Your goal
In your copy, leave out the pictures and reproduce the listing below exactly.

Supplied data
:::::
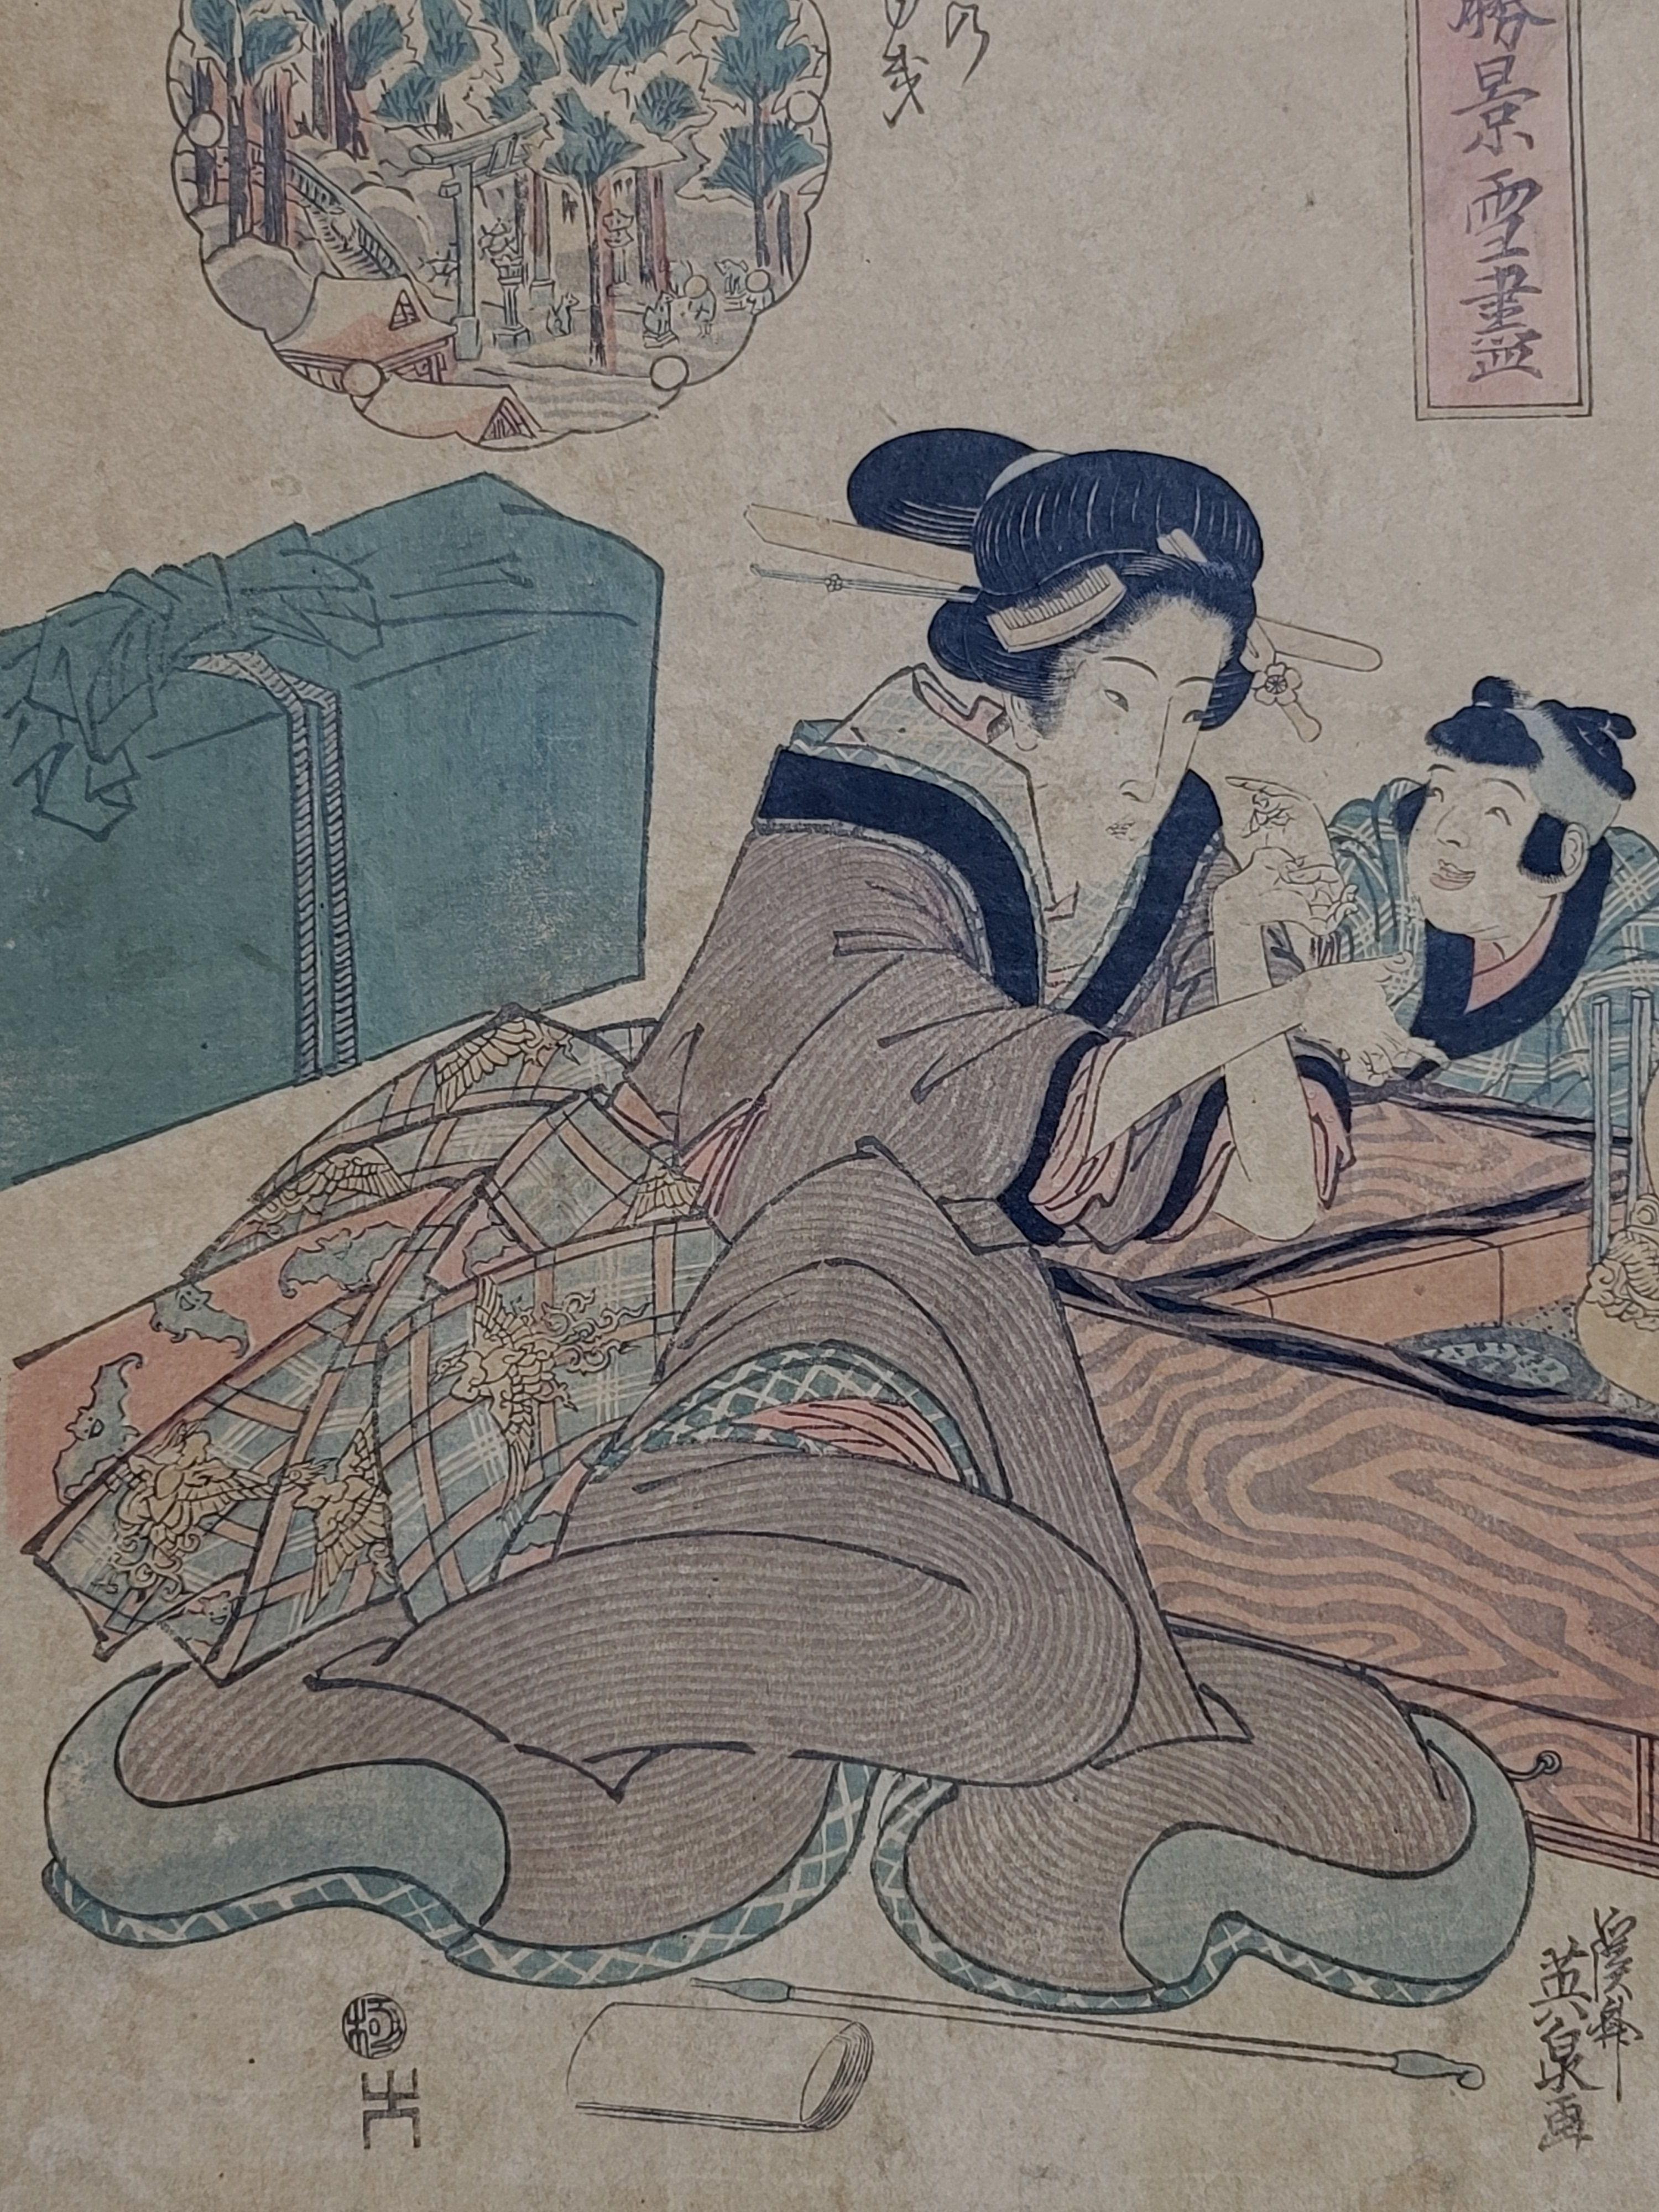 Gravure sur bois japonaise par Keisai Eisen ? ? ? ? (1790~1848), original et non encadré.

À PROPOS DE L'ARTISTE

Keisai Artistics ( ?? ? ?, 1790-1848) était un artiste japonais d'ukiyo-e spécialisé dans les bijin-ga (images de belles femmes).
:::::
Problem solution
 Gravure sur bois japonaise par Keisai Eisen ? ? ? ? (1790~1848), original et non encadré.

À PROPOS DE L'ARTISTE

Keisai Artistics ( ?? ? ?, 1790-1848) était un artiste japonais d'ukiyo-e spécialisé dans les bijin-ga (images de belles femmes).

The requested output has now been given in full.